━━━━━ DATASET EXCERPT ━━━━━

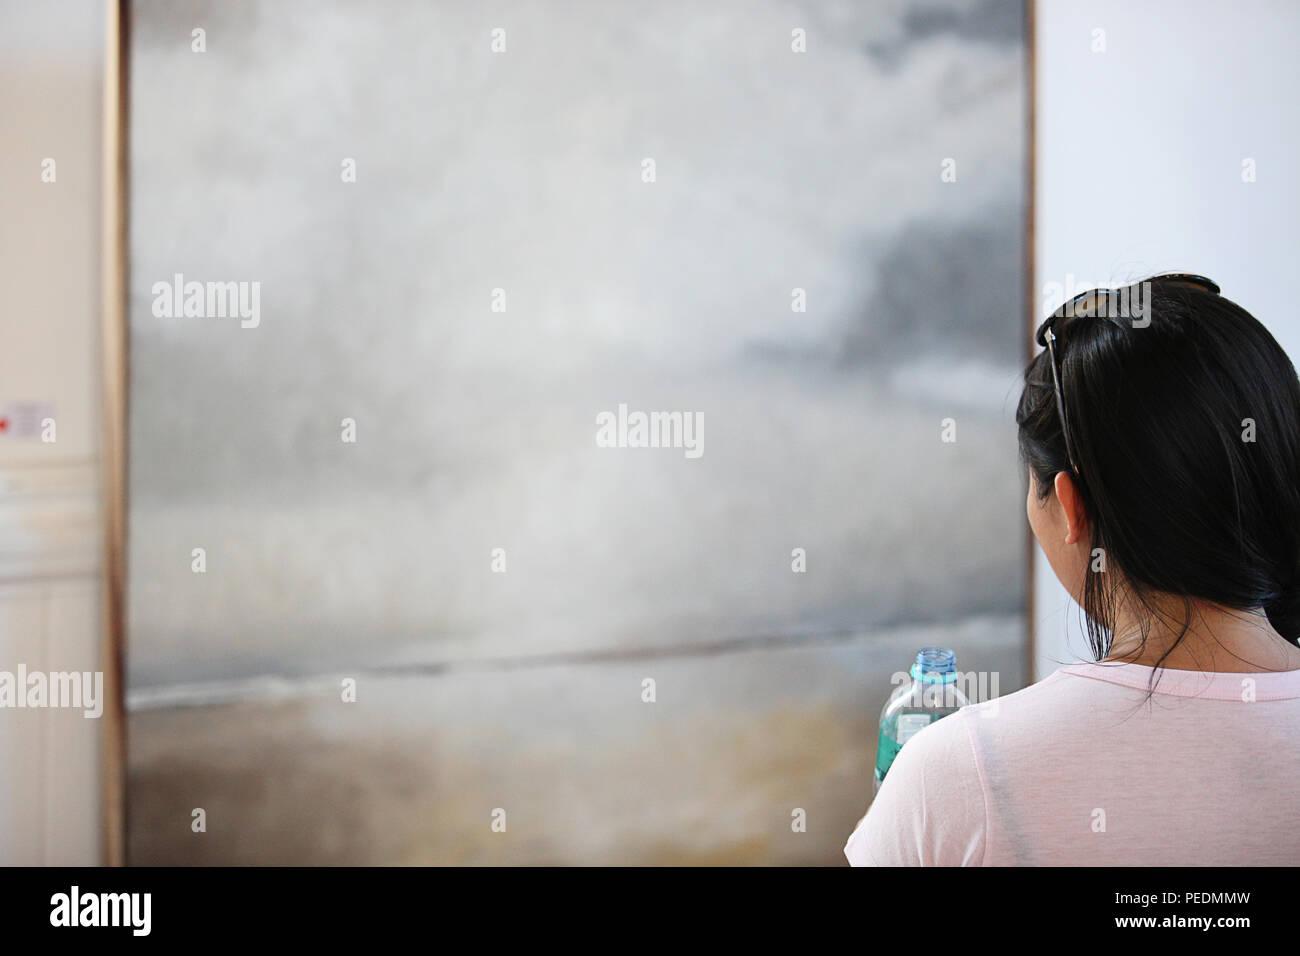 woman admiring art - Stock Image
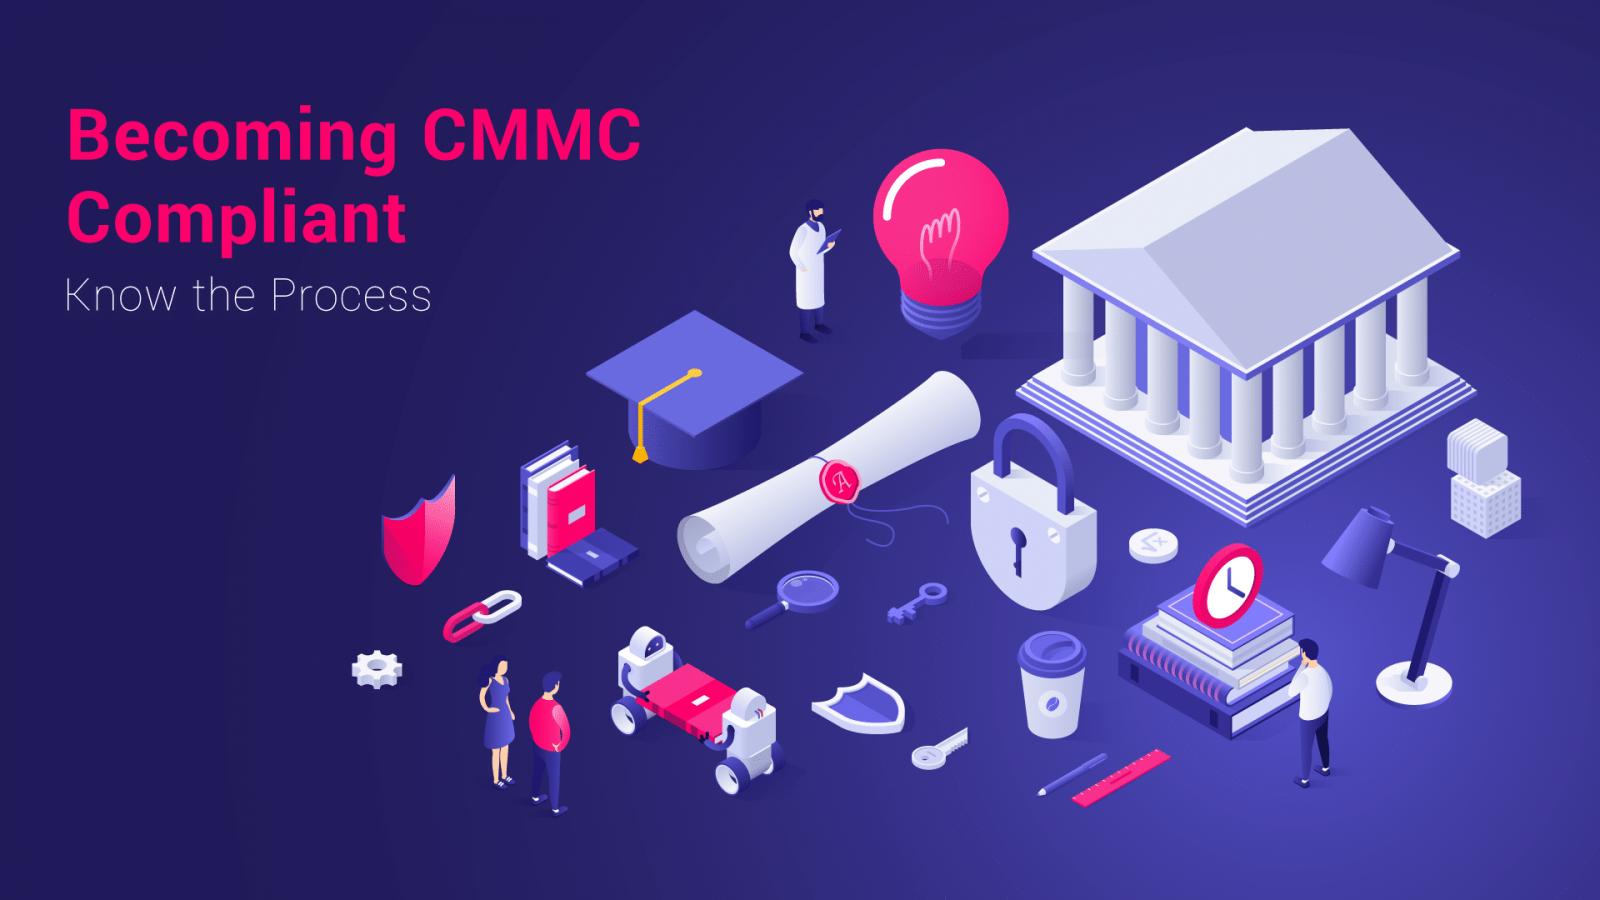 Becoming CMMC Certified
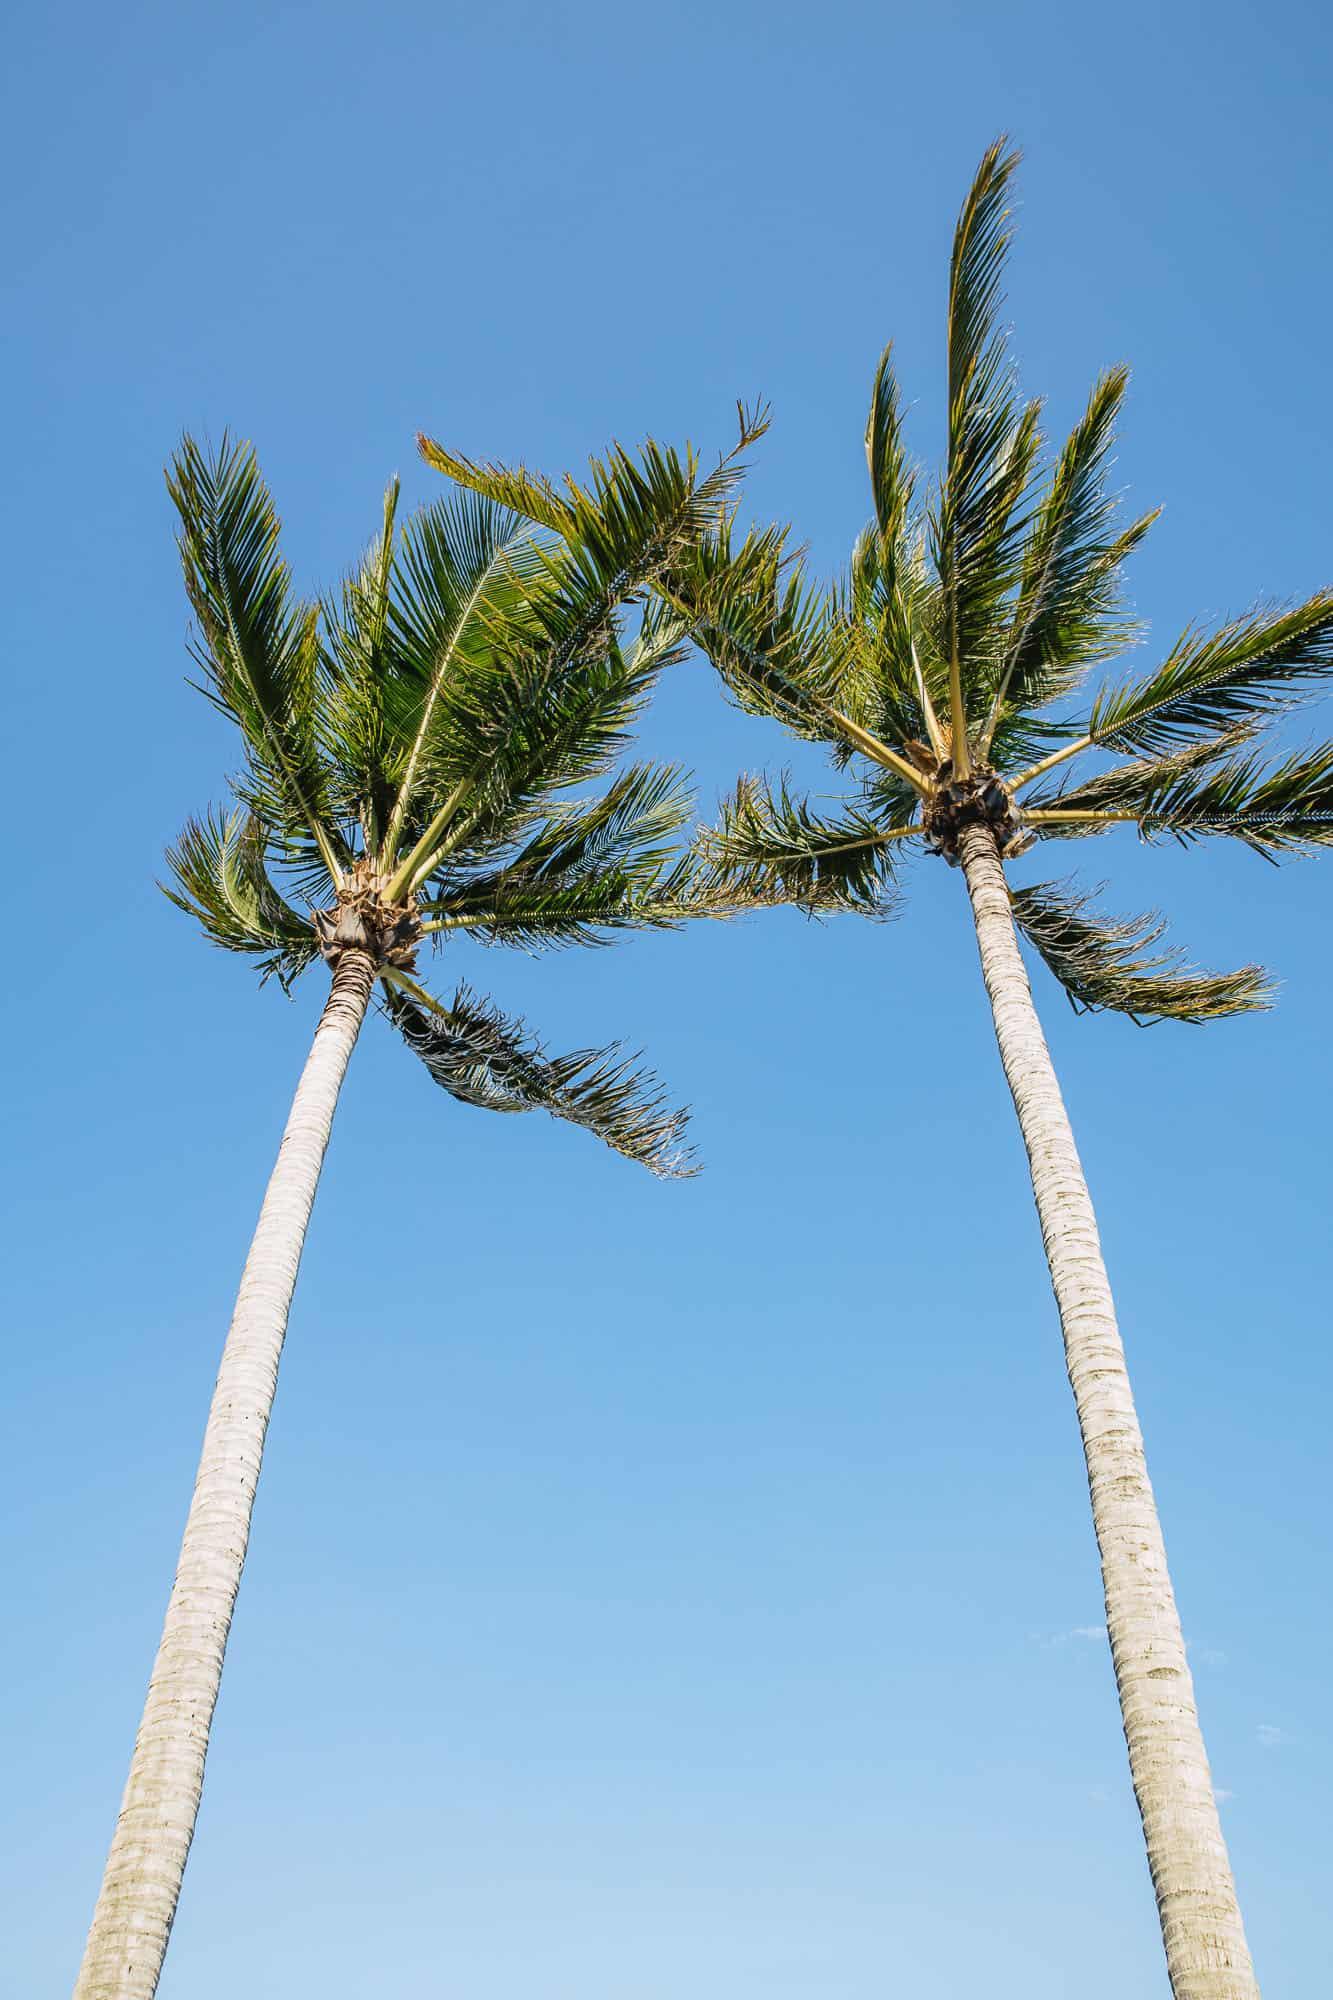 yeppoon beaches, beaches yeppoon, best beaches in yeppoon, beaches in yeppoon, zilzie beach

━━━━━

■ WORK TASK: Copy out the lines above in full and unaltered, apart from the pictures.

■ EXERCISE RESULT:
 woman admiring art - Stock Image
 Becoming CMMC Certified
 yeppoon beaches, beaches yeppoon, best beaches in yeppoon, beaches in yeppoon, zilzie beach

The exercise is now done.